Oversight Is Needed in AI

As AI technology advances and becomes more widespread, so does its potential harm and risks.

AI offers immense opportunities and vulnerabilities, making managing its impact the most pressing question for global leaders and regulators.

The SB 1047 bill, introduced by California State Senator Scott Wiener, required AI companies developing the largest AI models to conduct regular safety testing and fit a “kill switch.”

OpenAI and other Big Tech firms slammed the bill and threatened to leave the state if it was brought into power, claiming it stifled innovation.

However, Amodei said a form of regulation like the bill was needed to ensure AI companies remained compliant with AI safety.

“If there’s nothing watching over them, or there’s nothing watching over us as an industry, there’s no guarantee that we’ll do the right thing and the stakes are very high,” Amodei said.

The CEO felt that Anthropic was one of the only AI companies that spoke positively of the bill, besides a brief tweet from Elon Musk.

“I think it’s important to have a uniform standard that everyone follows to make sure that the industry does what a majority of the industry has already said is important,” he added.

AI Is Different and Getting Increasingly Dangerous

Despite the CEO’s understanding of critics’ concerns about regulation, highlighting the unnecessary burdensomeness of some of the General Data Protection Regulation.

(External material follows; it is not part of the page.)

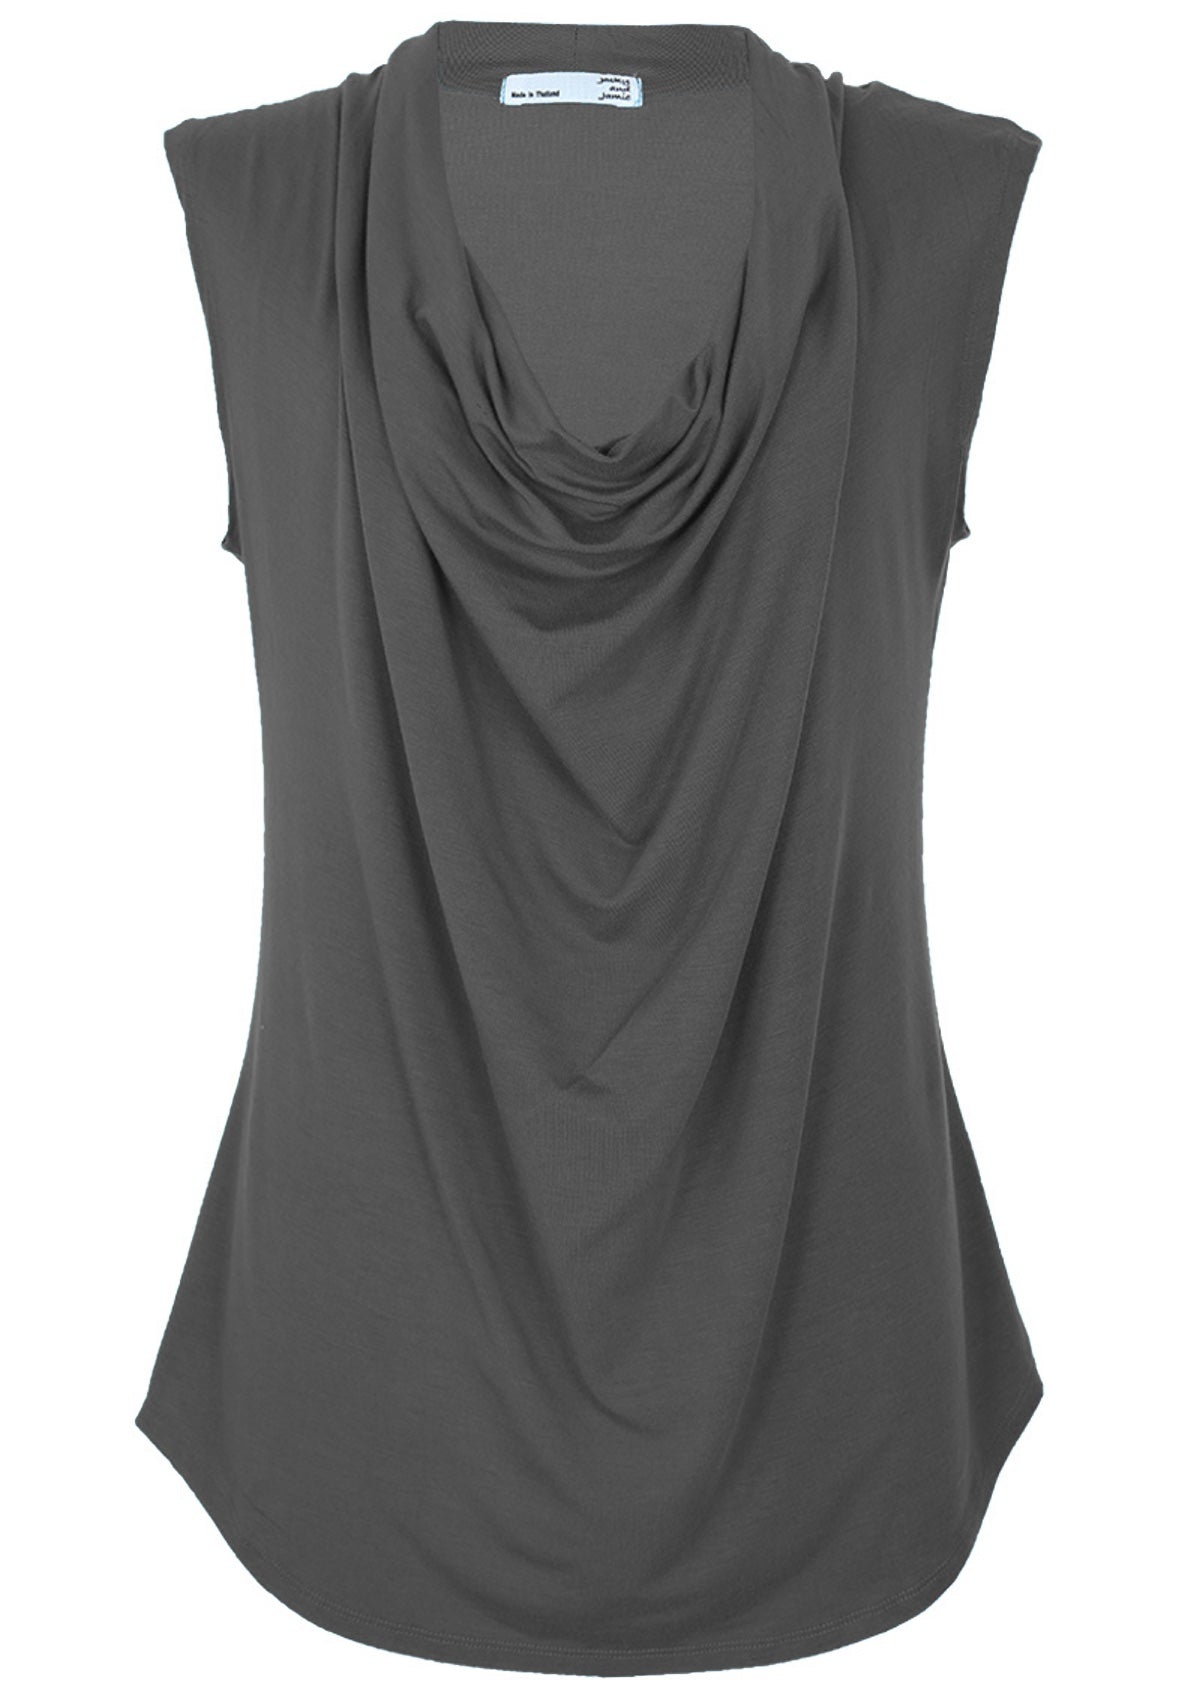 loose fit cowl neck women's top grey
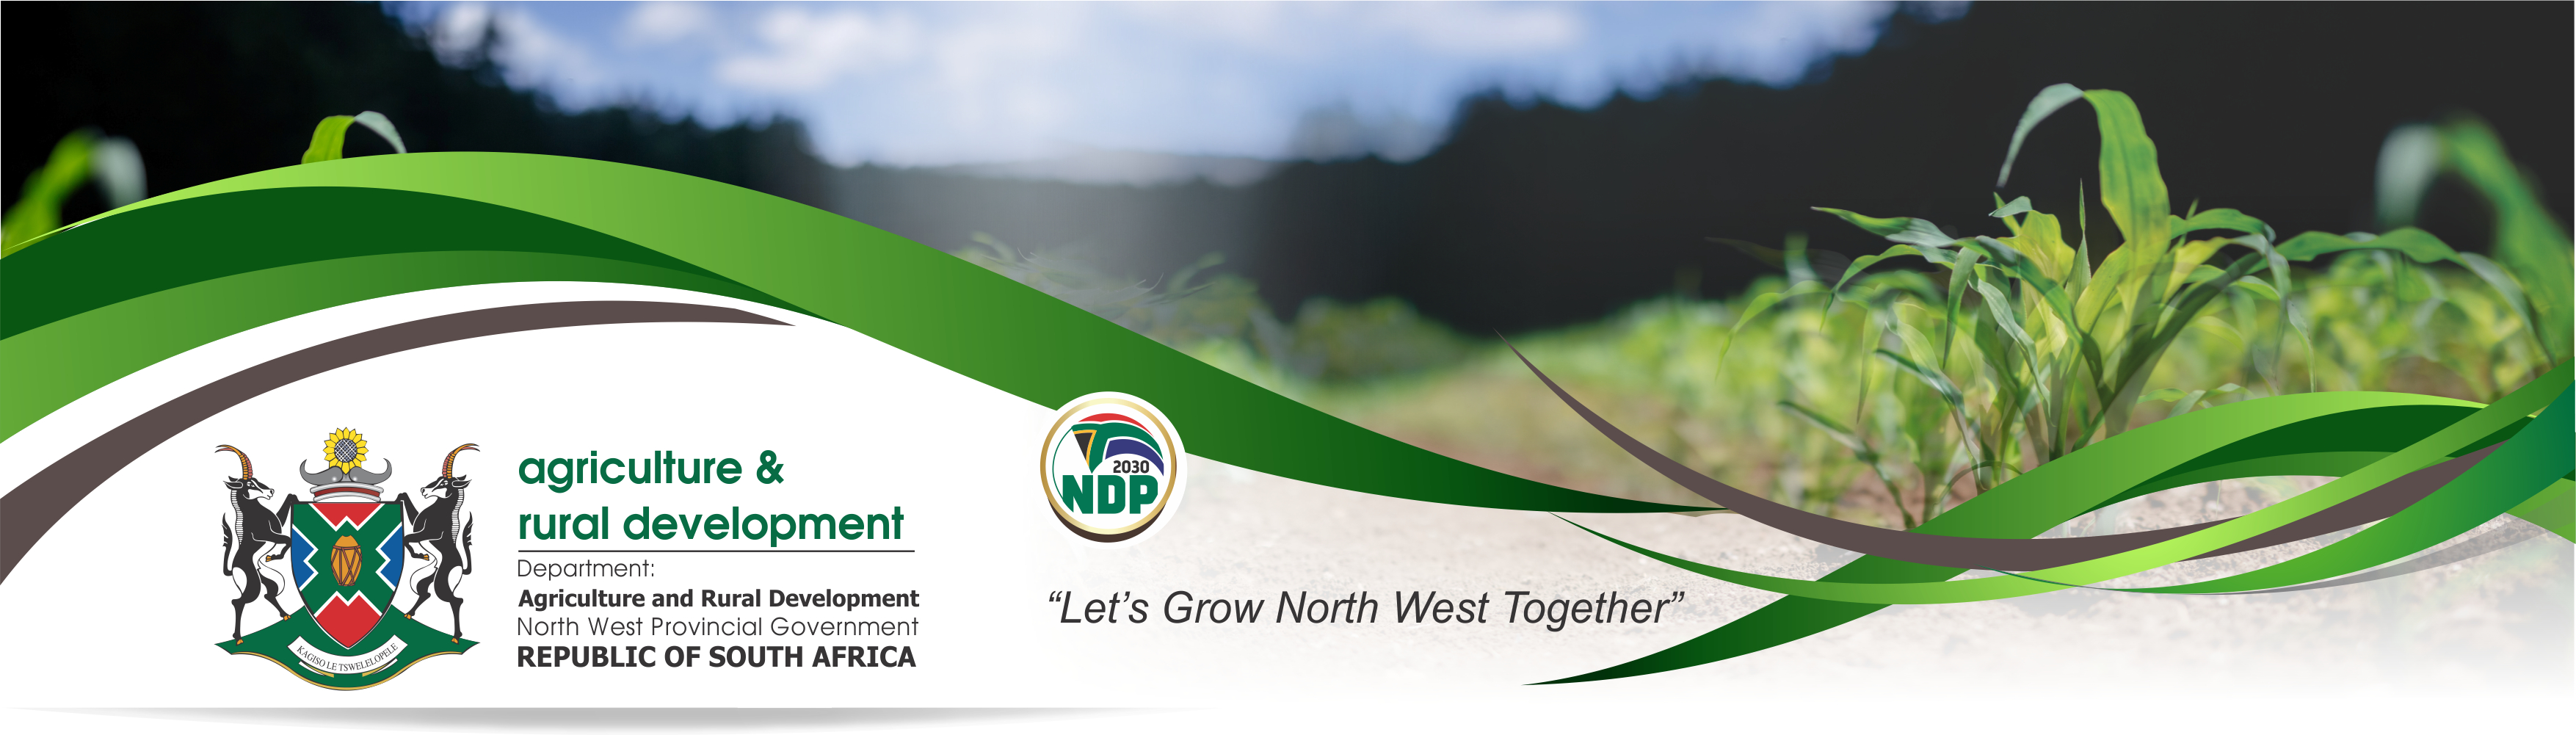 North West Department of Agriculture and Rural Development

However, Amodei warned that AI is fundamentally different and a whole lot more serious – and should be treated as such.

“I understand why people start from that position, but I think AI is different if we go to the very serious risks of autonomy and misuse,” Amodei warned.

“Every time we have new models, every few months we measure the behavior, and they’re getting better and better at these concerning tasks, just as they are getting better and better at good valuable economically useful tasks,” he added.

If no major regulatory oversight has been put in place by the end of 2025 then Amodei said he will be extremely concerned.

“I’m not worried yet because again the risks aren’t here yet, but I think time is running short,” he said.